This visualisation presents a 2D floorplan where emoji-like circles represent occupied seats. Each circle is subdivided to indicate the percentage of time (chronos) students faced the projector screen over the past 60 minutes.
While data is collected in real time from the Cerberus sensors, it is accumulated hourly to smooth updates. The design utilises barcode-inspired temporal pie charts to represent student engagement, using gaze direction as a proxy.
The Cerberus cameras in my LT1 digital twin perform both crowd localisation and crowd counting. Since they rely on face detection, they can also be used to track student engagement—if a student's face is directed towards the screen, it is inferred that they are paying attention.
During lectures, students move their faces frequently, introducing noise into the data. Instead of filtering out this variation, head movement is treated as a proxy for engagement. Over time, this generates a binary timestamp list of when faces were up or down, forming a unique barcode-like pattern for each seat.

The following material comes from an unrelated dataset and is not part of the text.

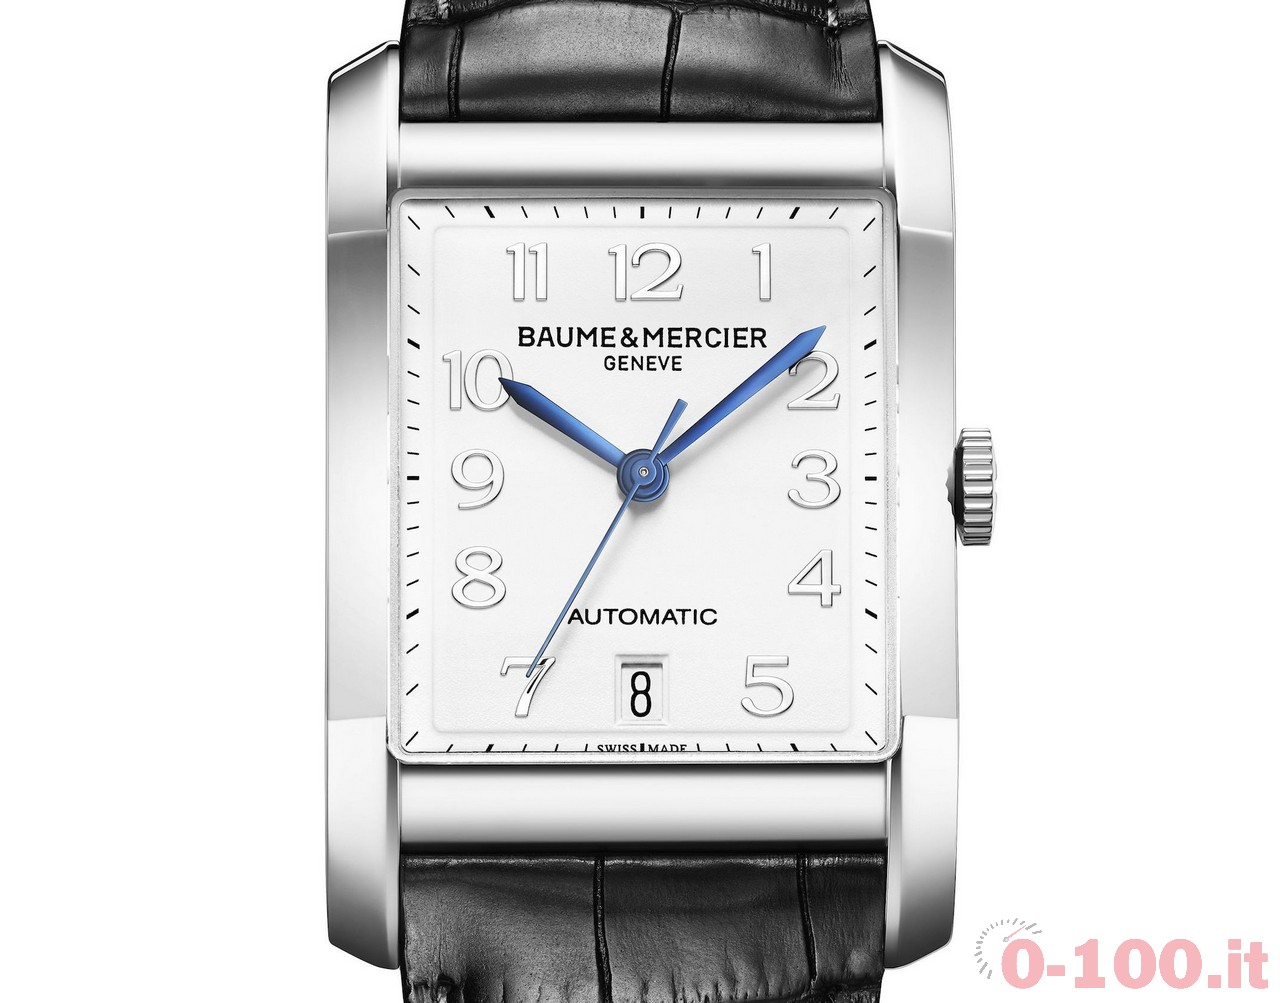 anteprima-sihh-2015-baume-mercier-hampton-automatico-ref-m0a10155-ref-m0a10156_0-100_3

Since space on the floorplan is limited, traditional barcodes are transformed into circular charts, where each slice represents a time step, similar to a clock’s minute hand. This merges the concepts of a barcode and a clock into a dynamic temporal pie chart, updated continuously as new data arrives from the Cerberus cameras.

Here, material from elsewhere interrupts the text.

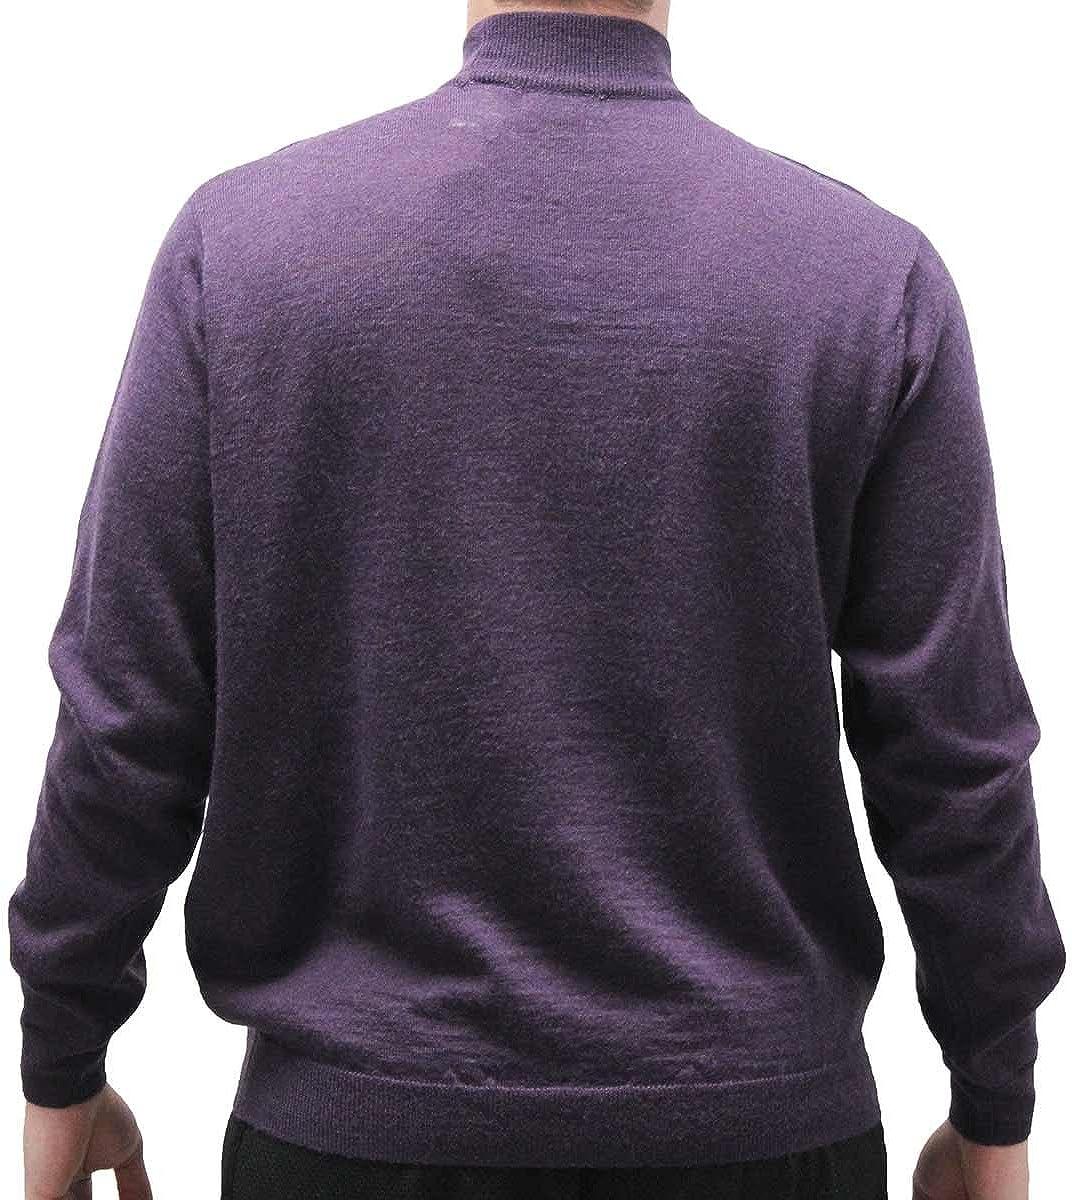 Cellinni Men's Solid Mock Turtleneck Sweater 6800-500

The original design featured black dots with grey slices, which were difficult to interpret. Additionally, it wasn’t immediately clear whether the visualisation represented Cerberus data or other environmental sensors. To improve clarity, emoji masks were added over occupied seats, and an explanatory illustration was included in empty spaces.

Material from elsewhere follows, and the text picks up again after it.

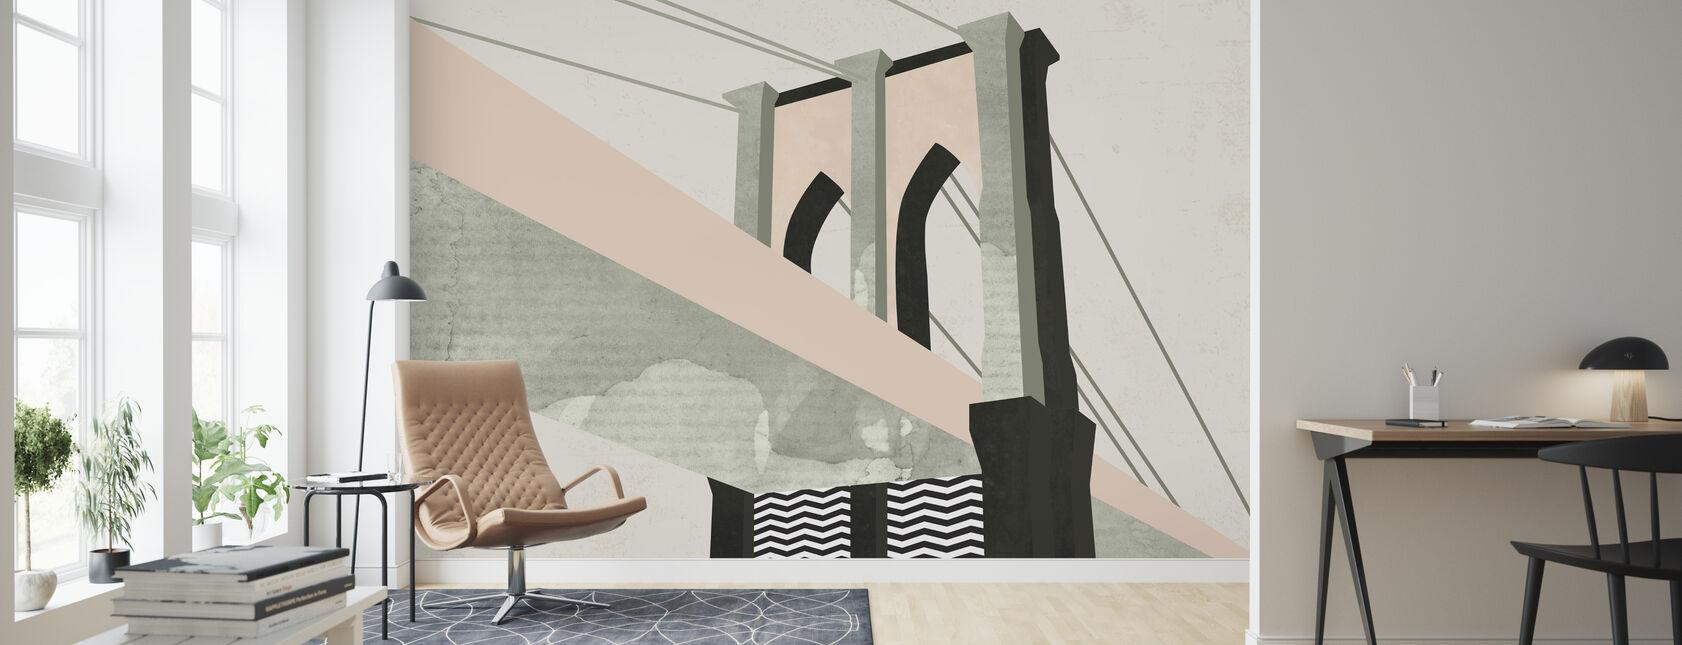 Graphic New York - Wallpaper - Living Room

Immediate insights emerge from the visualisation, such as a student in the bottom row switching seats midway through the lecture.
However, this system also highlights a limitation of the Cerberus sensors. Seats at the edges of the camera’s field of view may suffer from distortion due to the wide fisheye lens, leading to noisier data in these regions. This could give the false impression that some students are less engaged than they actually are.